If any function from malloc family is called, the brk() is executed to extend the program break. And this new space is what heap is.

brk() takes an address and changes the program break to it. But how we are supposed to know where the current program break is?

  • brk(0) gives the current program break.
  • But a problem with brk() is that it doesn’t return the pointer to the newly allocated space.

sbrk()

sbrk() is a C library function, which is a wrapper over the actual brk() syscall.

brk() returns 0 on success and -1 on failure. sbrk() returns the pointer to the newly allocated memory or the previous program break on success and (void *)-1 on failure.


In practice, we use sbrk() not brk(). Although the use of both is not recommended today; instead we should use functions from malloc family.

A key thing about sbrk(n) is that it extends heap contiguously. And we can prove this by a simple example:

#include <stdio.h>
#include <unistd.h>

int main() {
  void *initial_break = sbrk(0);  // get current break
  
  // Allocate 32 bytes using sbrk
  void *new_mem = sbrk(32);
  if (new_mem == (void*) -1) {
    perror("sbrk failed");
    return 1;
  }

  // New program break
  void *after_alloc = sbrk(0);

  printf("Initial program break: %p\n", initial_break);
  printf("Allocated 32 bytes at: %p\n", new_mem);
  printf("Program break after sbrk: %p\n", after_alloc);

  return 0;
}

The output is:

$ gcc main.c
$ ./a.out

Initial program break: 0x55bc200da000
Allocated 32 bytes at: 0x55bc200da000
Program break after sbrk: 0x55bc200da020
0x55bc200da000 = 0d94266479976448
0x55bc200da020 = 0d94266479976480

The difference is exactly 32 bytes.


But, if you do this:

#include <stdio.h>
#include <unistd.h>

int main() {
  void *initial_break = sbrk(0);  // get current break
  printf("Initial program break: %p\n", initial_break);
  
  // Allocate 32 bytes using sbrk
  void *new_mem = sbrk(32);
  if (new_mem == (void*) -1) {
    perror("sbrk failed");
    return 1;
  }
  printf("Allocated 32 bytes at: %p\n", new_mem);

  // New program break
  void *after_alloc = sbrk(0);
  printf("Program break after sbrk: %p\n", after_alloc);

  return 0;
}

the output changes significantly.

$ gcc main.c
$ ./a.out  
 
Initial program break: 0x559b4fc4b000
Allocated 32 bytes at: 0x559b4fc6c000
Program break after sbrk: 0x559b4fc6c020

Just by the output we can see that the jump in address is way too much.

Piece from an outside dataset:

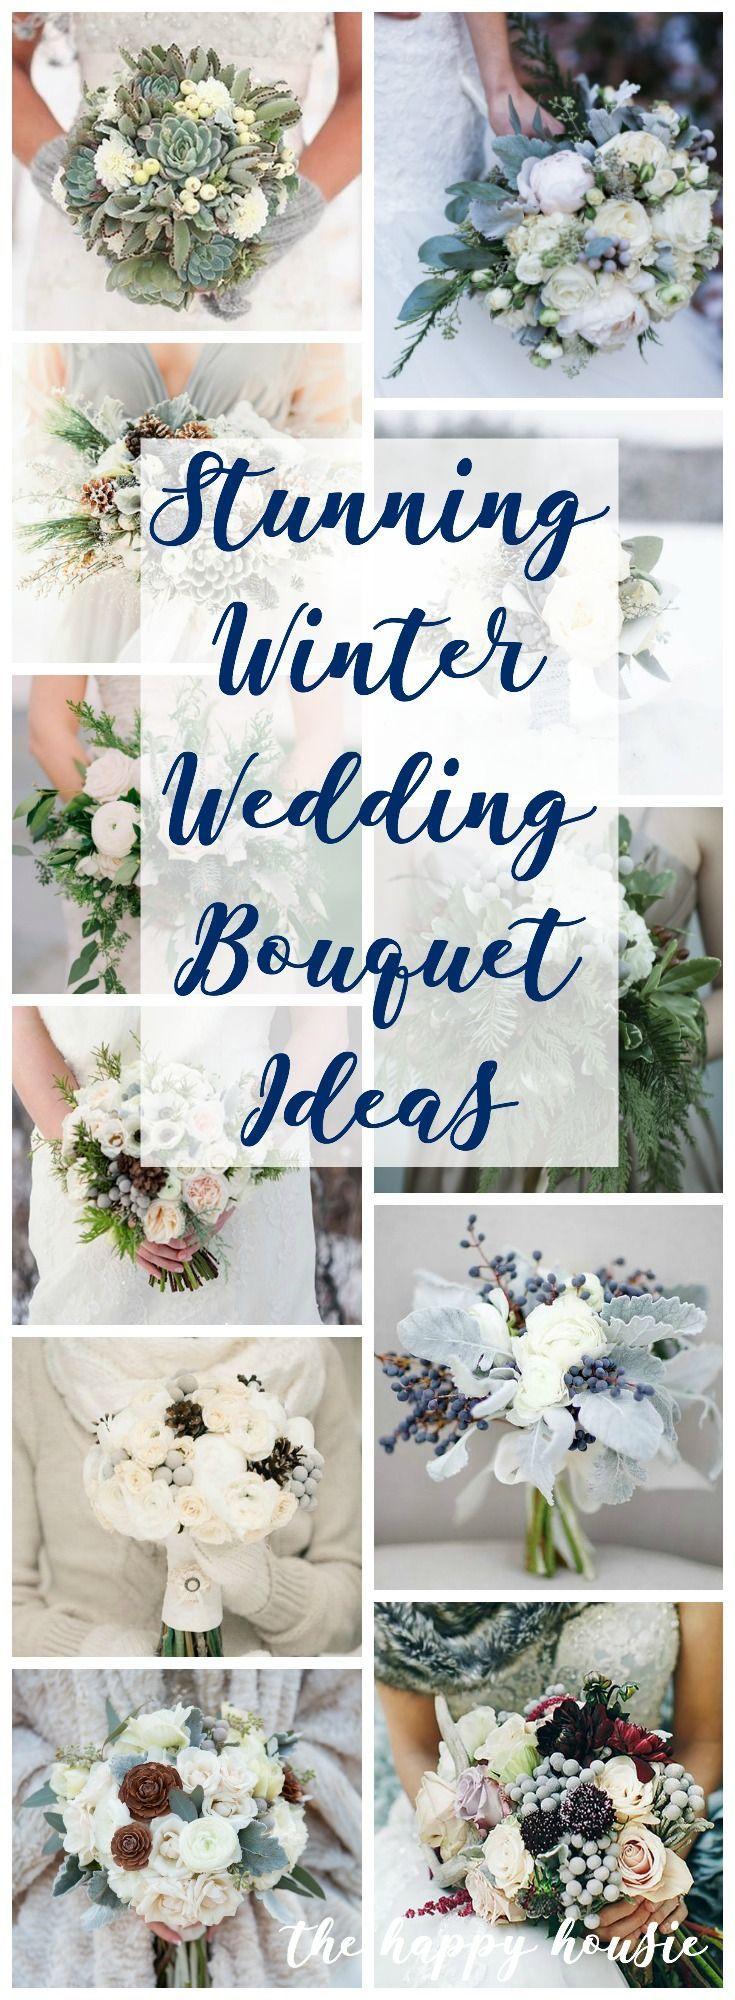 Stunning Winter Wedding Bouquet Ideas | The Happy Housie #winterbouquet #winterwedding #bridalbouquets

This behavior might be attributed to printf calling malloc internally for its requirements.

Therefore, never mix the two.

mmap()

mmap is a Linux syscall and mmap() is libc wrapper around it.

mmap stands for memory map which lets a process map files or anonymous memory into its virtual address space.

Unlike brk/sbrk, which adjust the heap break, mmap can allocate memory anywhere in the mmap region of the virtual address space, not just growing the heap upward.

If mmap() was successful, it returns a pointer to the allocated memory. If failed, (void *) -1.

Every time we run a program on Linux, the dynamic linker (ld.so) uses mmap to load shared libraries (.so files) in our address space. So, we don’t use mmap directly, unless we’re doing systems programming; but we are incomplete without it.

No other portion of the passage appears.